The method is explained in detail in Heck et al. (2019, Statistics & Computing),
available in the package by calling: vignette("MCMCprecision")
Author(s)
Daniel W. Heck
References
Heck, D. W., Overstall, A. M., Gronau, Q. F., & Wagenmakers, E.-J. (2019). Quantifying uncertainty in transdimensional Markov chain Monte Carlo using discrete Markov models. Statistics & Computing, 29, 631–643. https://dx.doi.org/10.1007/s11222-018-9828-0
See Also
Useful links:
Precision for the k Best-Performing Models
Description
Assesses the precision in estimating the ranking of the k
best-performing models.
Usage
best_models(samples, k, ties.method = "min")
Arguments
samples |
a matrix with posterior samples (one per row) for the model posterior probabilities (one model per column). Can be estimated using |
k |
number of best-performing models to be considered |
ties.method |
a character string specifying how ties are treated, see |
Examples
# a sequence of uncorrelated model indices
mult <- rmultinom(1000, 1, c(.05, .6, .15, .12, .08))
idx <- apply(mult, 2, which.max)
z <- letters[idx]
stat <- stationary(z, summary = FALSE)
best_models(stat, 3)
Estimate Parameters of Dirichlet Distribution
Description
C++ implementation of the fixed-point iteration algorithm by Minka (2000).
Usage
fit_dirichlet(x, const, maxit = 1e+05, abstol = 0.1)
Arguments
x |
a matrix of Dirichlet samples, one row per observation. |
const |
constant that is added to avoid problems with zeros in |
maxit |
maximum number of iterations. |
abstol |
The absolute convergence tolerance: maximum of absolute differences of Dirichlet parameters. |
Details
The algorithm is used to estimate the effective sample size based on samples
of posterior model probabilities (see stationary
and
summary.stationary
).
References
Minka, T. (2000).
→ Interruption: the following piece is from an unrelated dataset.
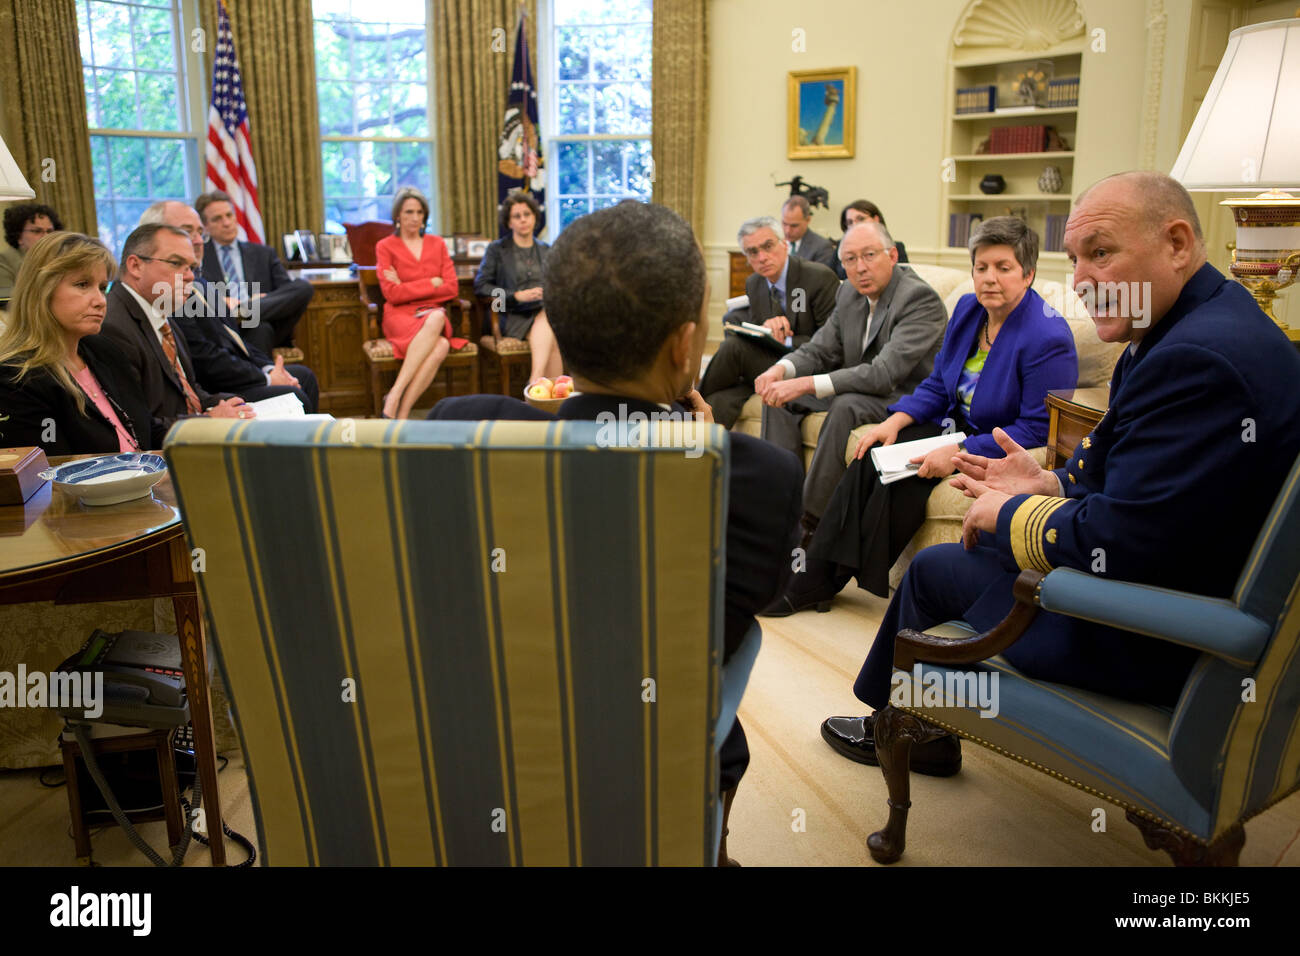 Obama rencontre avec l'amiral Thad Allen W., commandant de la Garde côtière des États-Unis et d'autres fonctionnaires de l'administration Banque D'Images
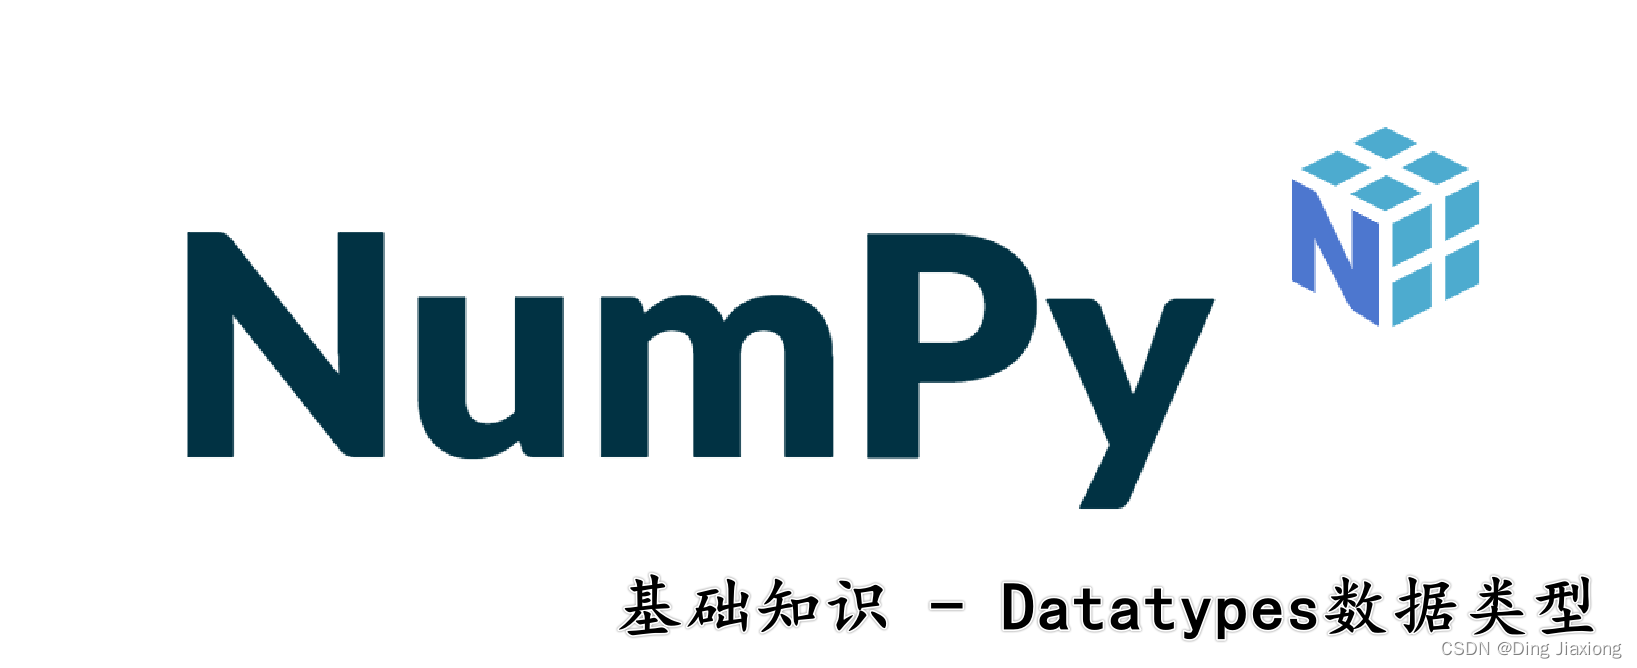 【Numpy基础知识】Datatypes数据类型

Estimating a Dirichlet distribution. Technical Report.
See Also
Examples
x <- rdirichlet(100, c(8,1,3,9))
fit_dirichlet(x)
Random Sample from Dirichlet Distribution
Description
Random generation from the Dirichlet distribution.
Usage
rdirichlet(n, a)
Arguments
n |
number of samples |
a |
vector or matrix of shape parameters |
See Also
Examples
rdirichlet(2, c(1,5,3,8))
Generate a sample of a discrete-state Markov chain
Description
Generates a sequence of discrete states from a discrete-time Markov chain with transition matrix P
.
Usage
rmarkov(n, P, start = rep(1, ncol(P)))
Arguments
n |
length of the generated sequence. |
P |
transition matrix (rows are normalized to sum to 1). |
start |
vector with nonnegative values that defines the discrete starting
distribution at t=0 ( |
Examples
P <- matrix(c(.30, .50, .20,
.05, .25, .70,
.00, .10, .90), 3, 3, byrow=TRUE)
rmarkov(50, P)
Precision of stationary distribution for discrete MCMC variables
Description
Transdimensional MCMC methods include a discrete model-indicator variable z
with a fixed but unknown stationary distribution with probabilities \pi
(i.e., the model posterior probabiltiies). The function stationary
draws posterior samples to assess the estimation uncertainty of \pi
.
Usage
stationary(
z,
N,
labels,
sample = 1000,
epsilon = "1/M",
cpu = 1,
method = "arma",
digits = 6,
progress = TRUE,
summary = TRUE
)
Arguments
z |
MCMC output for the discrete indicator variable with numerical,
character, or factor labels (can also be a |
N |
the observed |
labels |
optional: vector of labels for complete set of models
(e.g., models not sampled in the chain |
sample |
number of posterior samples to be drawn for the stationary distribution |
epsilon |
prior parameter for the rows of the estimated transition matrix |
cpu |
number of CPUs used for parallel sampling. Will only speed up computations for large numbers of models (i.e., for large transition matrices). |
method |
how to compute eigenvectors:
|
digits |
number of digits that are used for checking whether the first eigenvalue is equal to 1 (any difference must be due to low numerical precision) |
progress |
whether to show a progress bar (not functional for |
summary |
whether the output should be summarized.
If |
Details
The method draws independent posterior samples of the transition matrix P
for the discrete-valued indicator variable z
(usually, a sequence of sampled models).
For each row of the transition matrix, a Dirichlet(\epsilon,...,\epsilon)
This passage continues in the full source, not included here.